3.2 Running with a Source-build Installation

If you cloned the SystemDS repository and built it yourself, you must first run Maven to generate the executable JAR.

mvn -P distribution package

This creates several JAR files in target/:

Example output:

target/systemds-3.3.0-shaded.jar
target/systemds-3.3.0.jar
target/systemds-3.3.0-unshaded.jar
target/systemds-3.3.0-extra.jar
target/SystemDS.jar            <-- main runnable JAR
target/systemds-3.3.0-ropt.jar
target/systemds-3.3.0-javadoc.jar

Run:

spark-submit target/SystemDS.jar -f hello.dml

4. Run a Script in Federated Mode

Federated mode allows SystemDS to execute operations on data located on remote or distributed workers. Federated execution requires:

  1. One or more federated workers
  2. A driver program (DML or Python) that sends operations to those workers.

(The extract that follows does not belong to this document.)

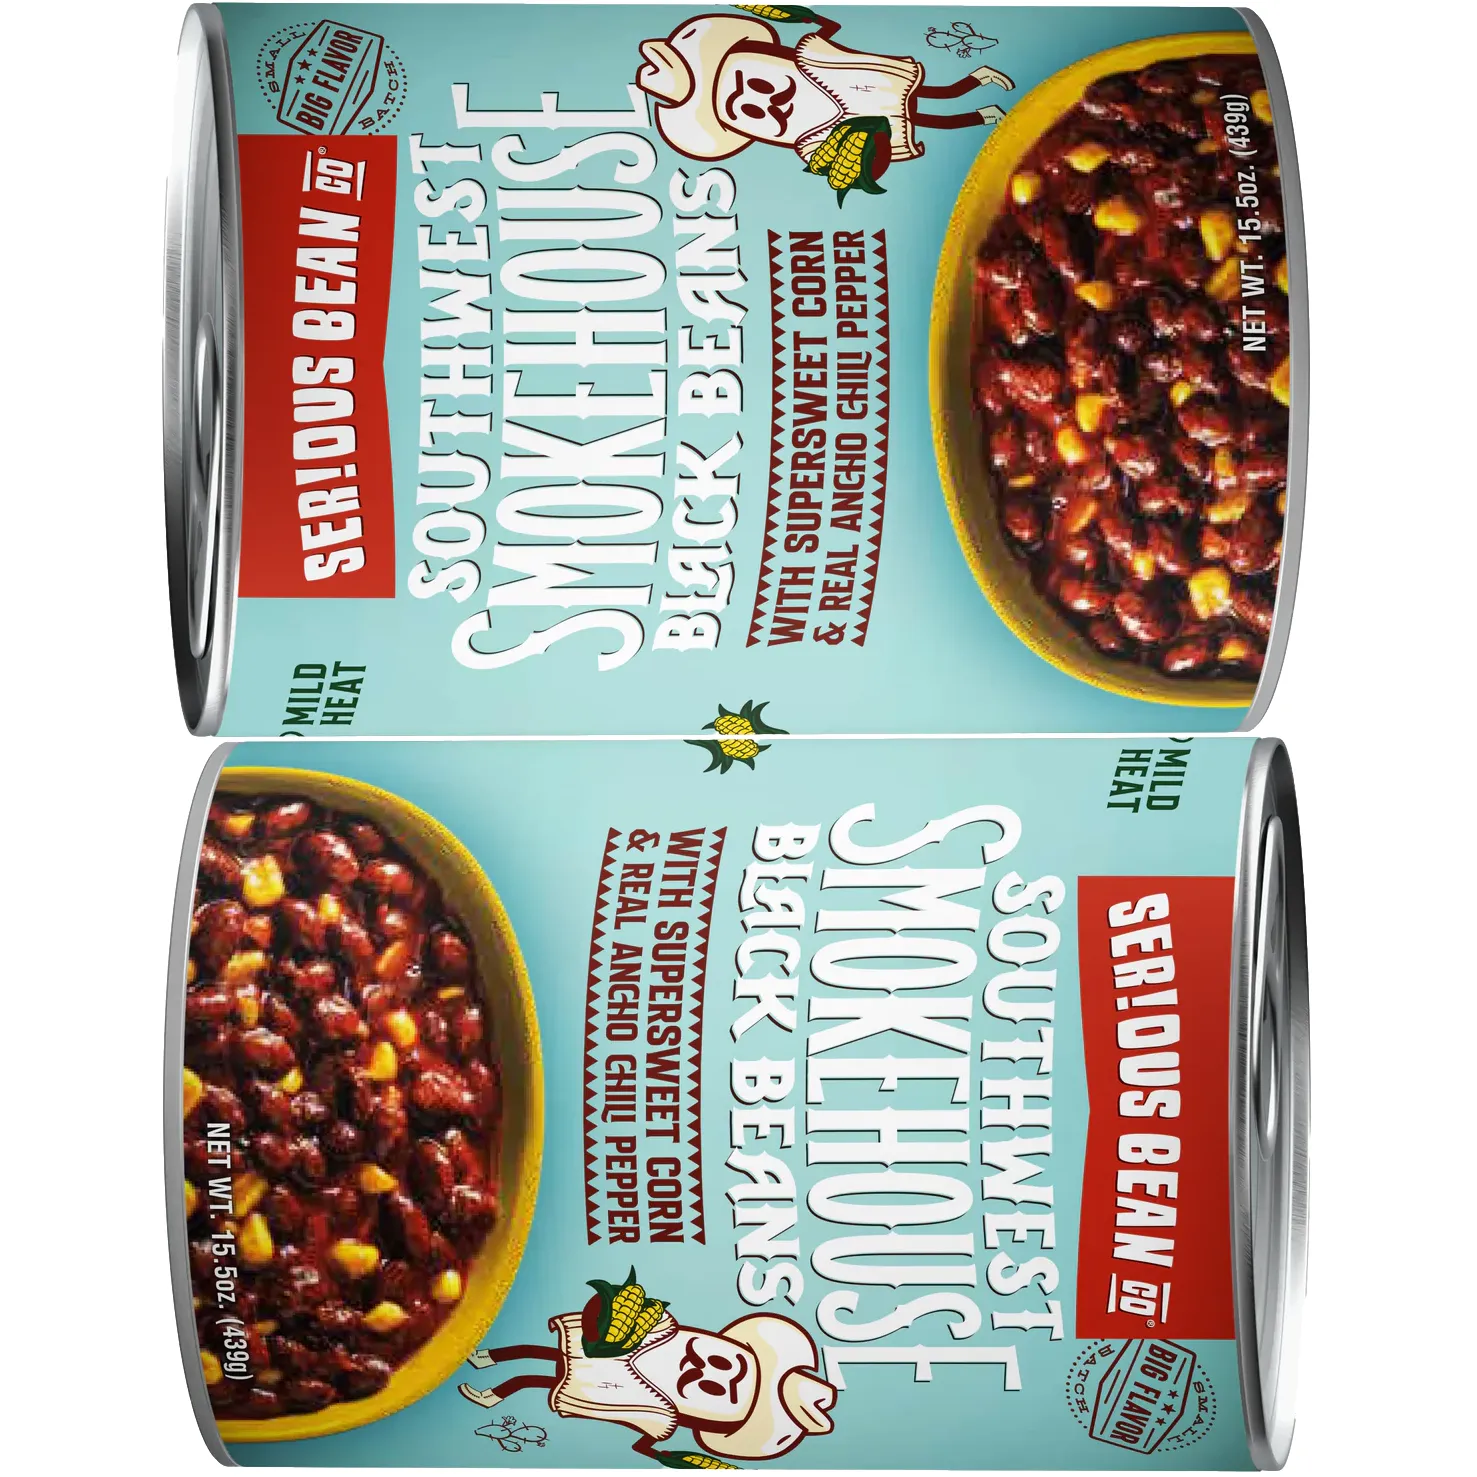 Free Can Of Serious Bean Co. Beans

Note: The SystemDS documentation provides federated execution examples primarily via the Python API. This Quickstart demonstrates only how to start a federated worker, and refers users to the official Federated Environment guide for complete end-to-end examples.

4.1 Start a Federated Worker

Run in a separate terminal:

systemds WORKER 8001

This starts a worker on port 8001.

4.2 Next Steps and Full Examples

For complete, runnable examples of federated execution (including data files, metadata, and Python code), see the official Federated Environment guide

Using Intel MKL Native Instructions

To use the MKL acceleration download and install the latest supported MKL library (<=2019.5) from 1, set the environment variables with the MKL-provided script . /opt/intel/bin/compilervars.sh intel64 (note the dot and the default install location) and set the option sysds.native.blas in SystemDS-config.xml to mkl.